Он отстранил меня, держа двумя руками за плечи. Я продолжала плакать и видела его, как в тумане, и такой же туман стоял сейчас в моей голове. Убить?

— Все эти картины… Это моя попытка проникнуть в твое прошлое и сделать так, чтобы ты не дожила до того рокового дня… — Пабло говорил монотонно, точно всеми силами пытался не сорваться на крик. — Мой дед был не просто врачом, он занимался историей медицины, и у него был доступ к богатейшей коллекции старинных манускриптов — гримуаров. Завещание Соломона, Ключ Соломона, Гримуар Гонория… Вряд ли эти названия о чем-то тебе говорят. С их помощью можно вызвать демонов, а вот через Гептамерон можно обратиться даже к ангелу. Но в детстве меня привлекала лишь книга святой магии Абрамелина: там такая красивая кожаная обложка с массивным замком, на которой изображена шестирукая фигура с рогами и женской грудью со скрученным змеиным хвостом вместо ног. Магические книги надо было кормить кровью, и я резал себе пальцы, поэтому в итоге деда выгнали из хранилища. Но я успел законспектировать «Черную курицу», в которой собраны всевозможные заклинания. Там описан ритуал, предписанный мужчине, который хочет, чтобы ни одна женщина перед ним не устояла. Для его выполнения необходим перстень с любым черным камнем. На внутренней стороне кольца необходимо выгравировать магические слова и рисунок…
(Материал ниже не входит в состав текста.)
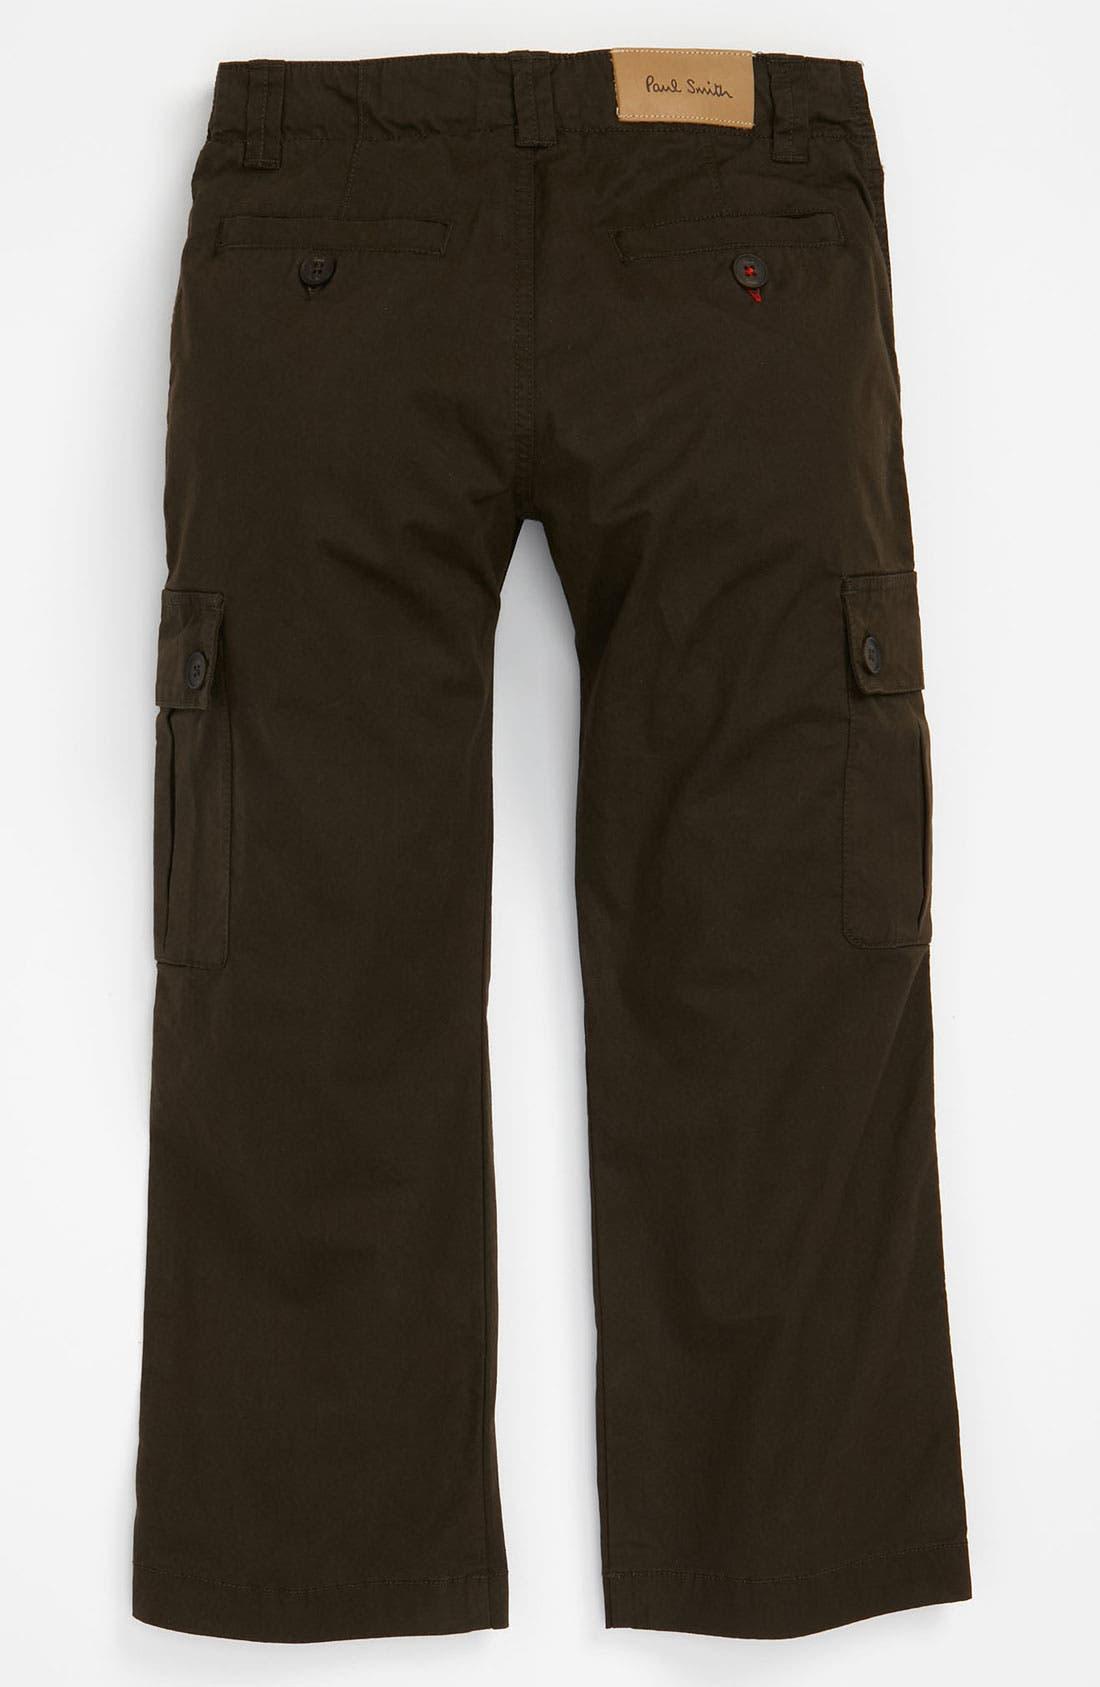 Alternate Image 1 Selected - Paul Smith Junior 'Calisto' Cargo Pants (Little Boys)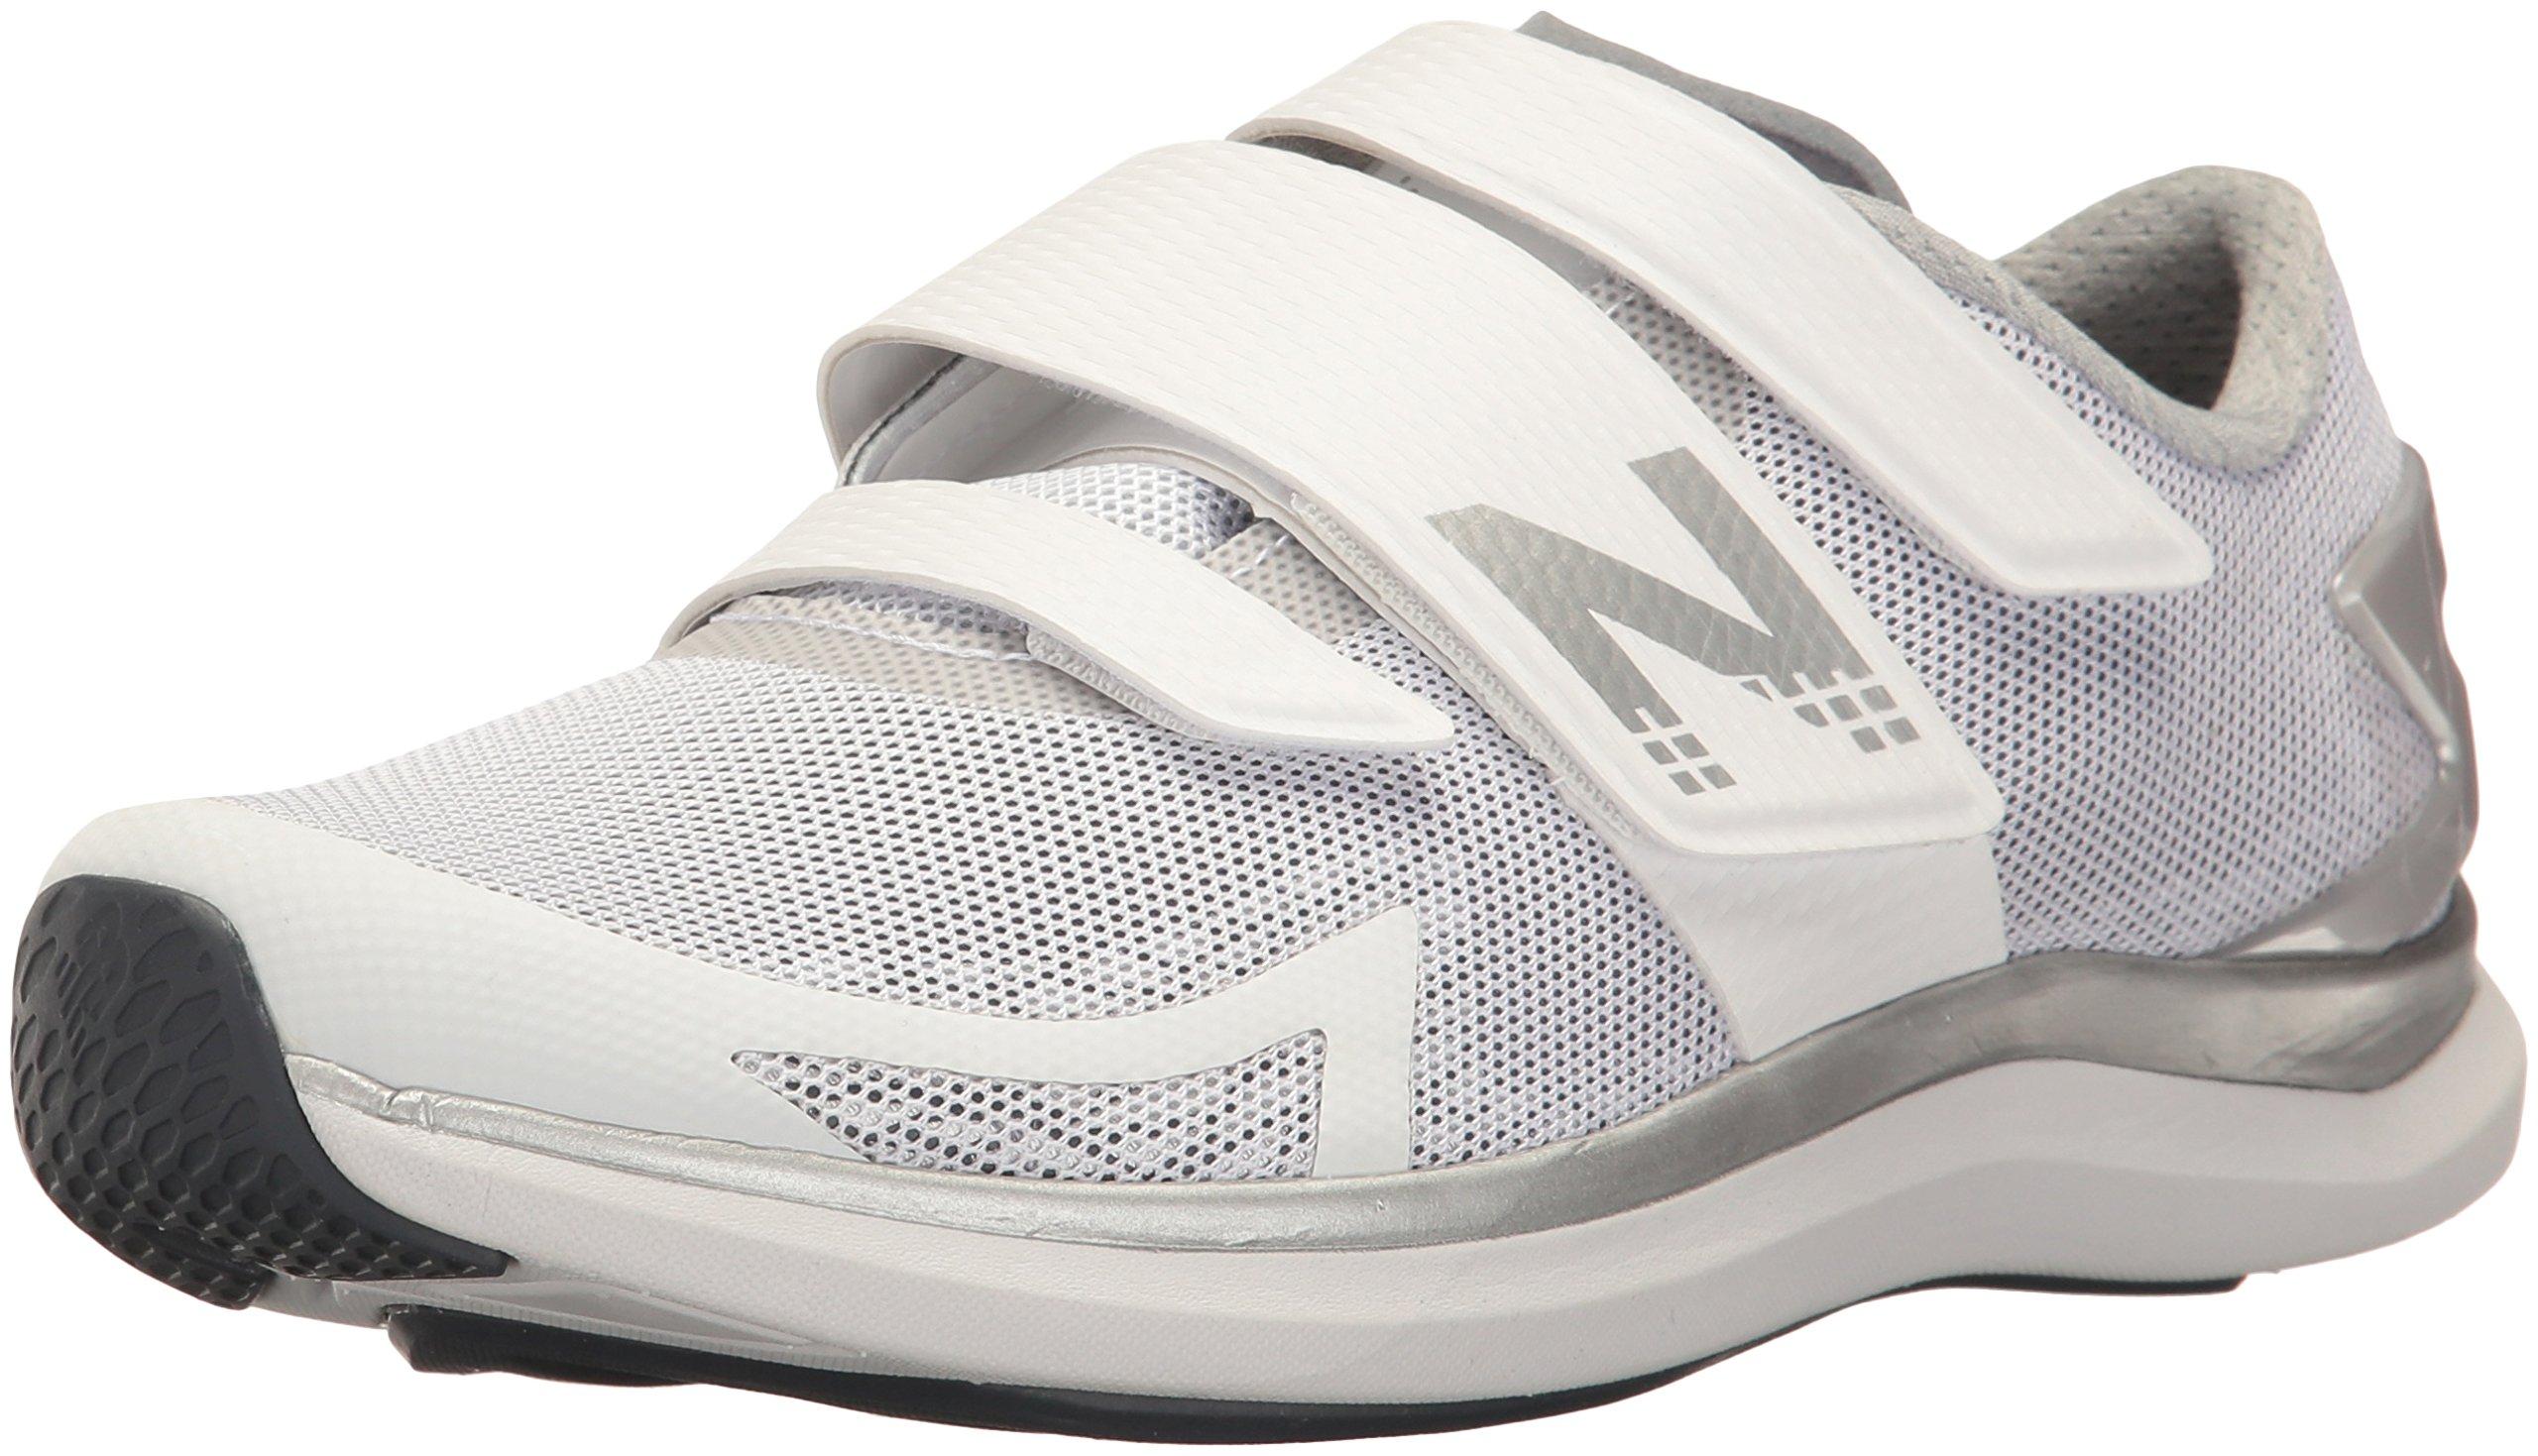 New Balance Women's 09v1 Training Shoe, White/Grey, 12 B US

— Ты зачем это говоришь мне?

Я бы тоже плюнула ему в лицо, да воды оказалось мало — во рту вновь была Сахара.

— Чтобы понять, слушаешь ты меня или нет.

— Я тебя слушаю… Но меня не интересуют заклинания на любовь. Что ты сделал, чтобы спасти Альберта? Ты что-нибудь сделал?! — сумела наконец закричать я, когда он с полминуты буравил меня взглядом.

— Если бы я знал, как ему помочь, я бы даже свою жизнь отдал, но я не знаю. А картины я не дорисовал. Изначально глаза не были закрыты, я просто замазывал неудачные попытки…

— Врешь! — я орала горящим саднящим горлом. Получался хрип, но, к счастью, не шепот. — Это акварель. Ее нельзя замазать!

— Окей! Я забыл, что ты тоже рисуешь! — Вот Пабло действительно кричал. — Я рисовал тебя мертвой. Это была часть ритуала.

— А яблоки?!

Пабло прикрыл глаза и со стоном откинул голову. Очки свалились, но он их не поднял: отпускать мои плечи не входило в его планы.

— Это я просто разозлился на очередную неудачу.

— И бросил холст под кровать?

Он продолжал смотреть в яркое небо, и я видела лишь горький изгиб его губ.

— Только профессионалы выкидывают неудачные работы, а я любитель. Мне было жалко… Мне там хорошо удались волосы.

— Я продырявила холст.

Он резко опустил подбородок и сильнее сжал на моих плечах пальцы.

— Спасибо, Вики. Если ты отнесешь картину на помойку, я еще раз поблагодарю тебя.

— А скажу тебе спасибо, когда ты скажешь, как помочь Альберту.

— Я же сказал, что не знаю. Он отказывался от любой крови. Даже моей. Кто знает, может, именно это ему и нужно было, и сейчас он начнет оживать. Нам остается только ждать. Мы вернемся сюда завтра, а сейчас надо отдать ключ Марисе.

— Она знает, что там Альберт?

Пабло кивнул.

— Он с октября здесь, поэтому теперь так мало экскурсий. Ему стало все труднее и труднее подниматься на ноги и стоять позади группы.

— Почему здесь? Он ведь нормально проводит дни в обычном доме.

— Это его выбор. Мы с ним не спорим. Ему нужен холод, влага, темнота и покой. А тебе нужен сладкий хлеб и вино. И чем быстрее, тем лучше, а потом сон. Я попытаюсь стать для тебя врачом — вернее было бы сказать, фармацевтом для Альберто. Вдруг ты понадобишься ему и завтра. Я должен быть уверен, что микстура не испортится за ночь.